* [What is required] Would you copy exactly the lines in the data below from the one that has "Modern desk r2y1jf" through the one that has "Лечение колдовства с", dropping any pictures?

* [Records to process]
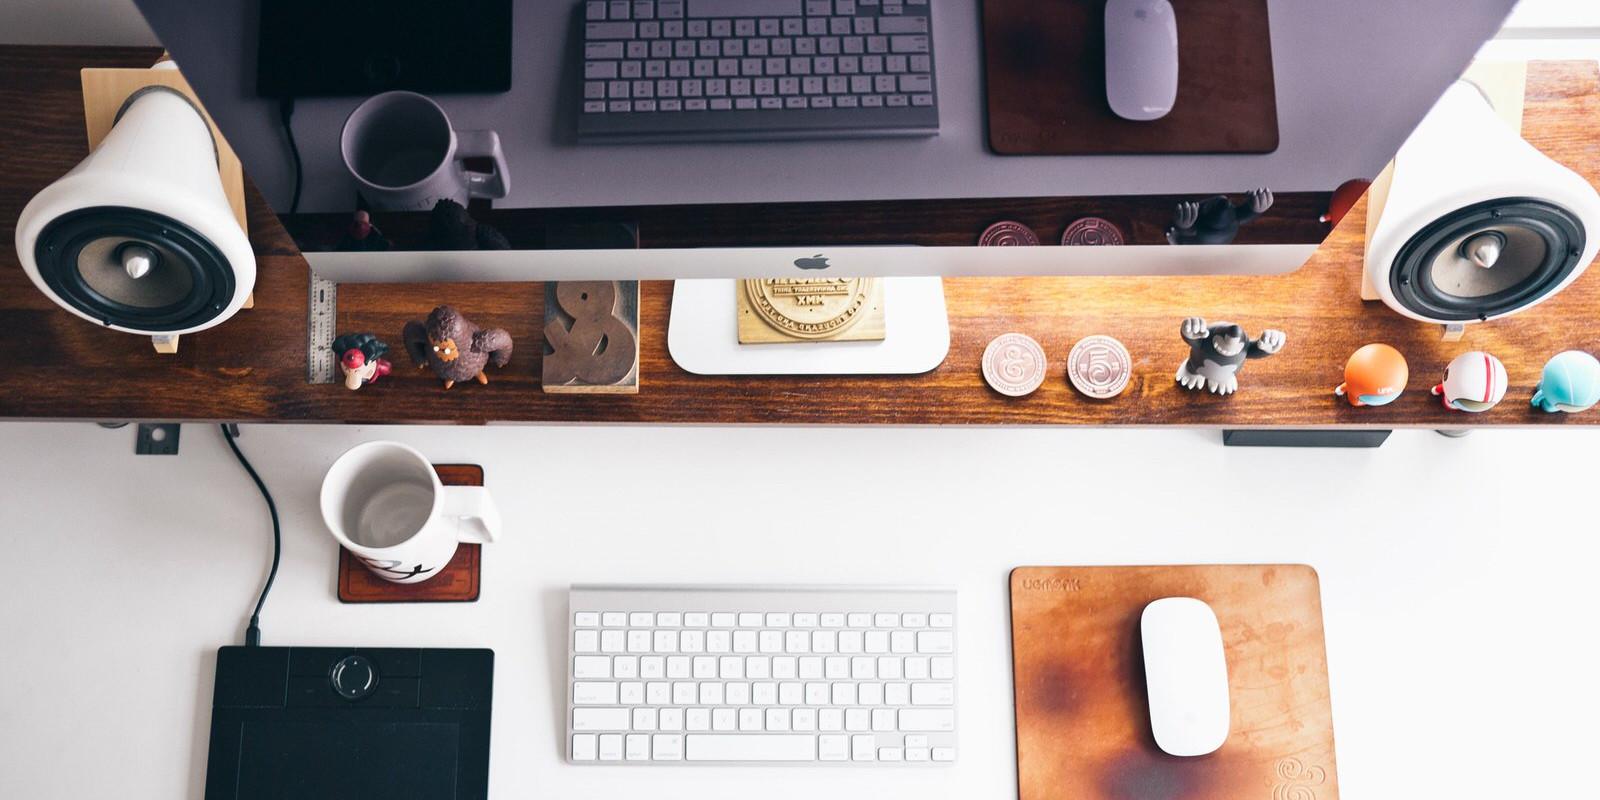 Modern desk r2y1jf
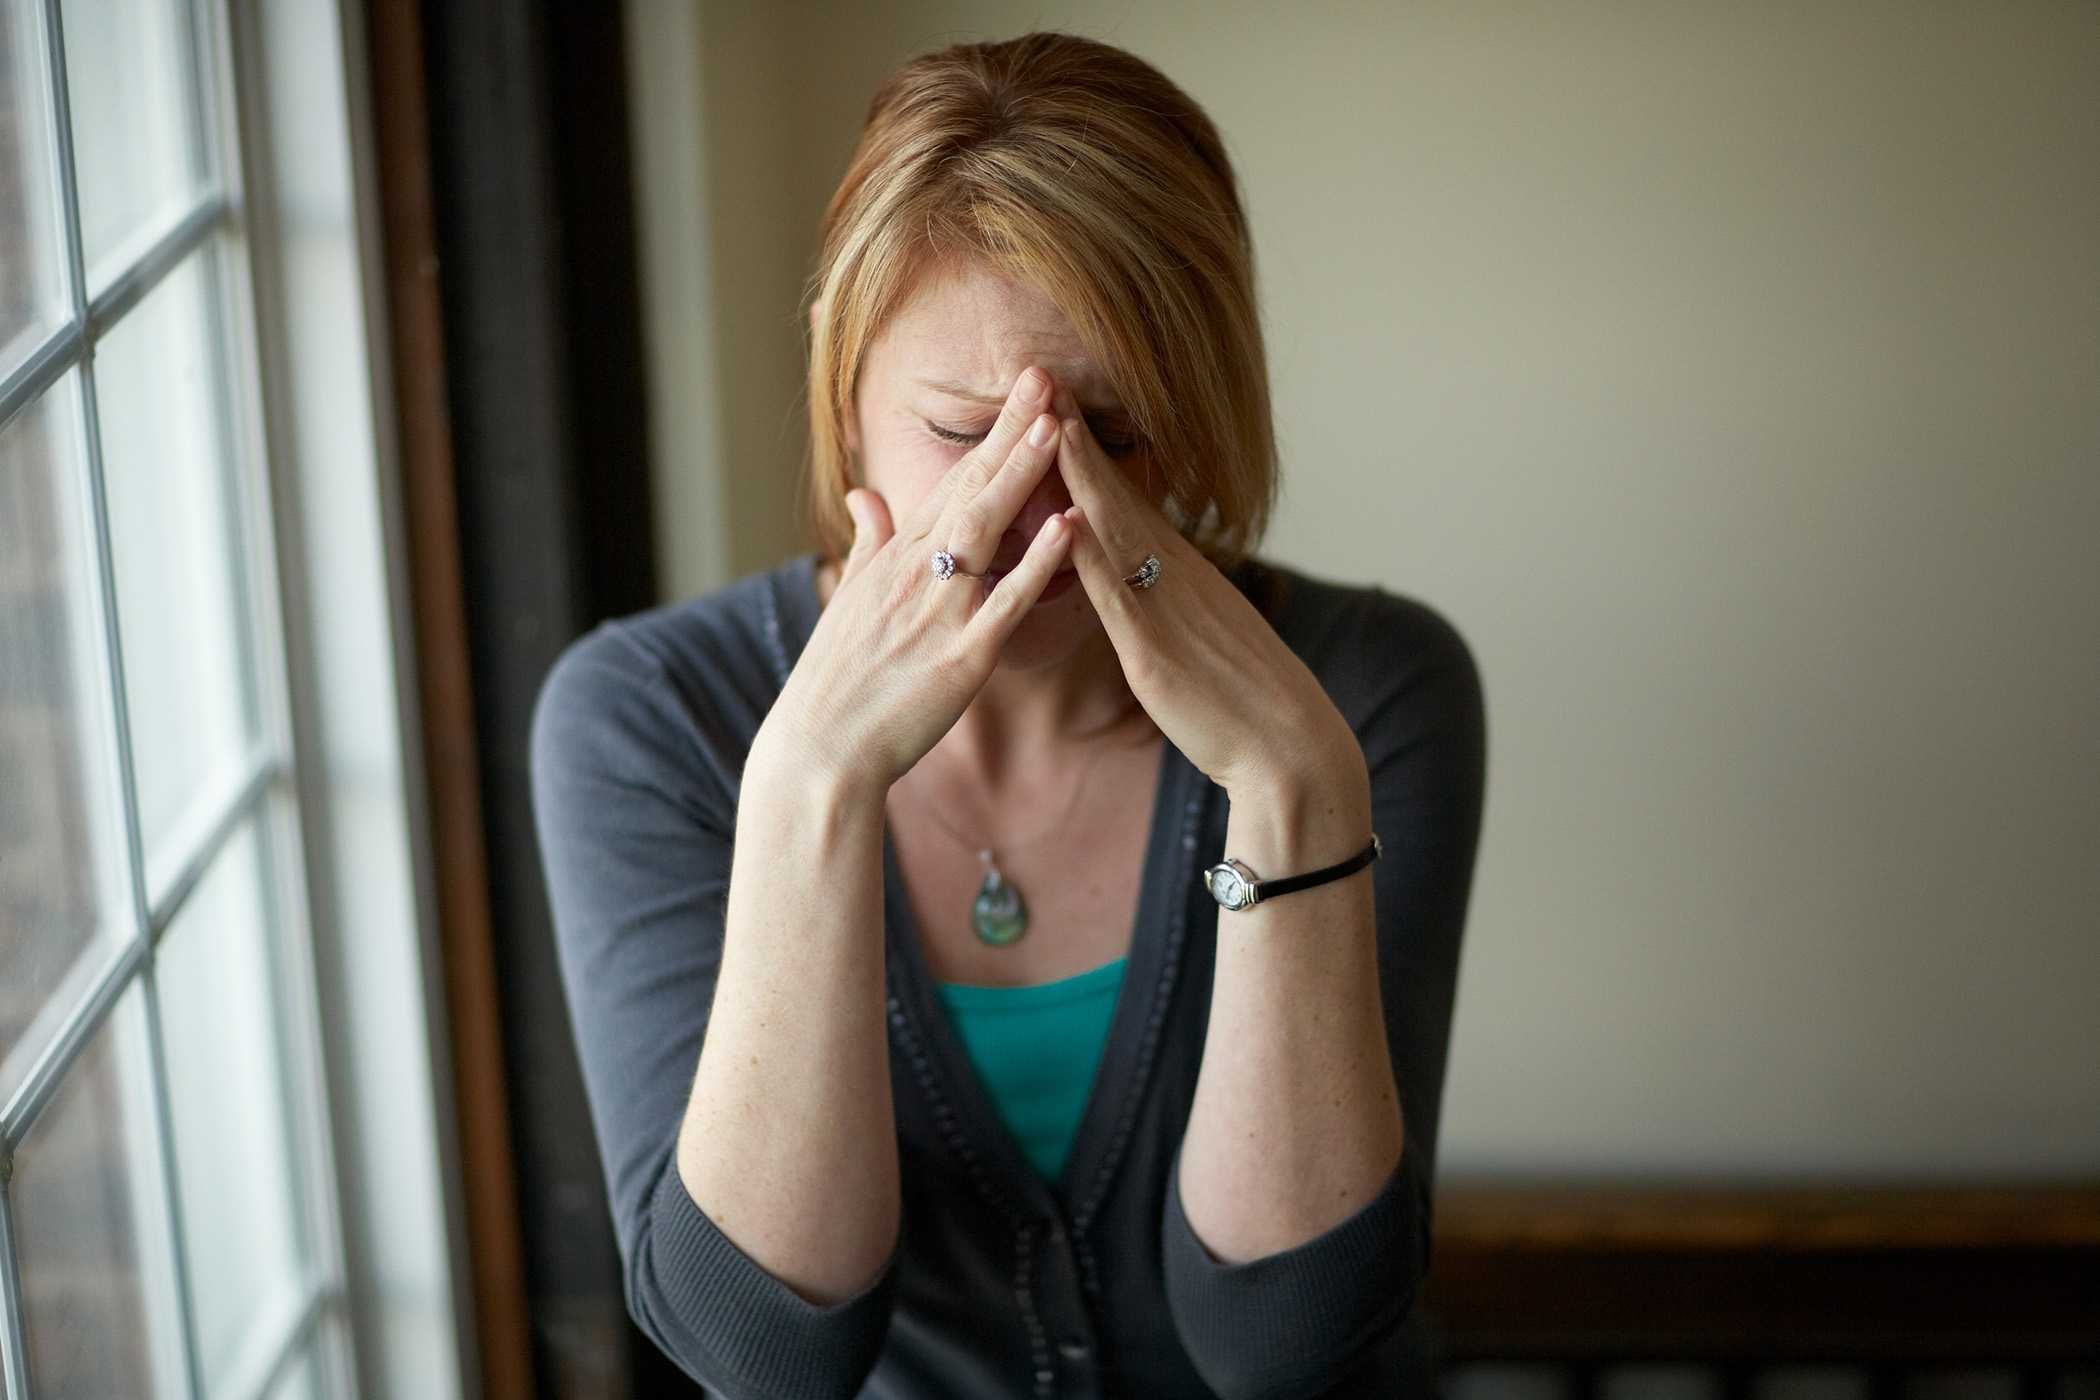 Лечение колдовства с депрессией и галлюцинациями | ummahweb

* * *

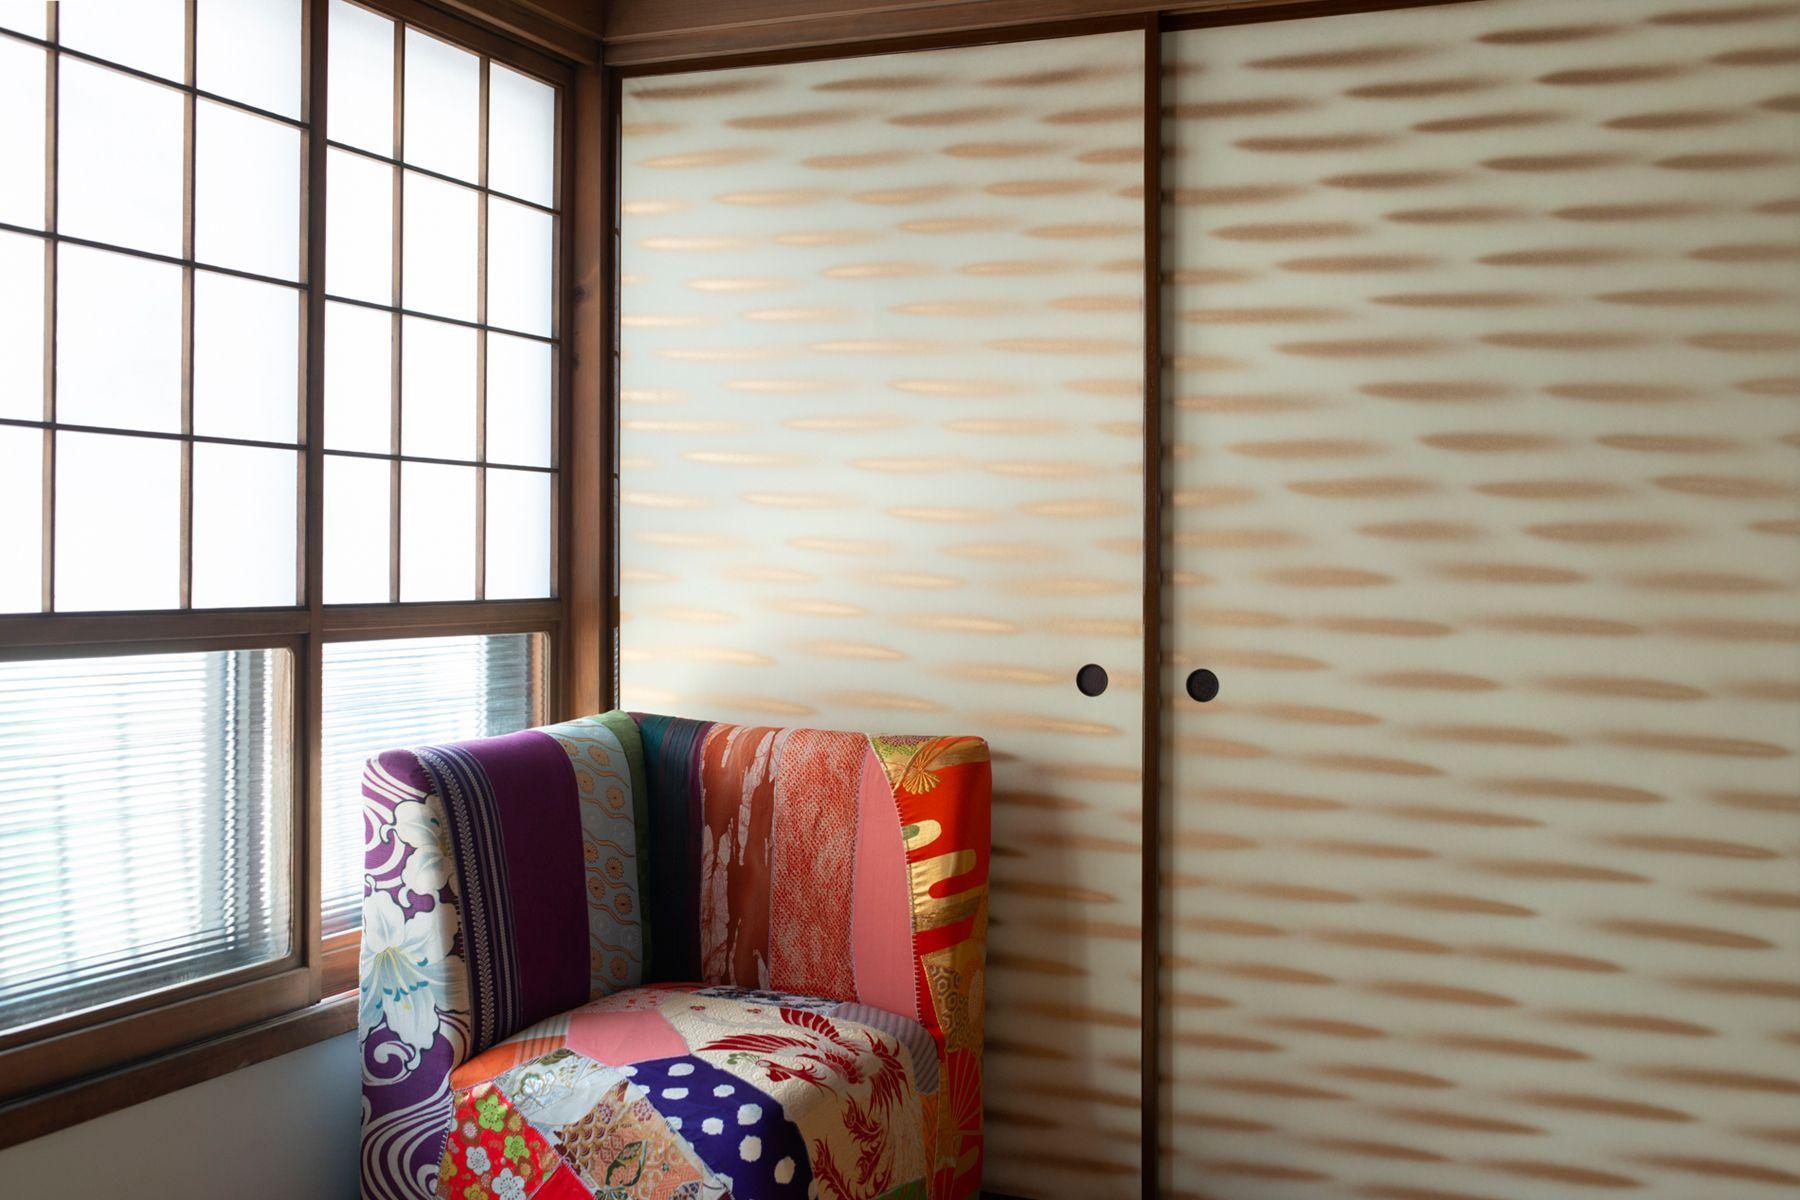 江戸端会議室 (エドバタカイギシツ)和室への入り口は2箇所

* [Task response]
 Modern desk r2y1jf
 Лечение колдовства с депрессией и галлюцинациями | ummahweb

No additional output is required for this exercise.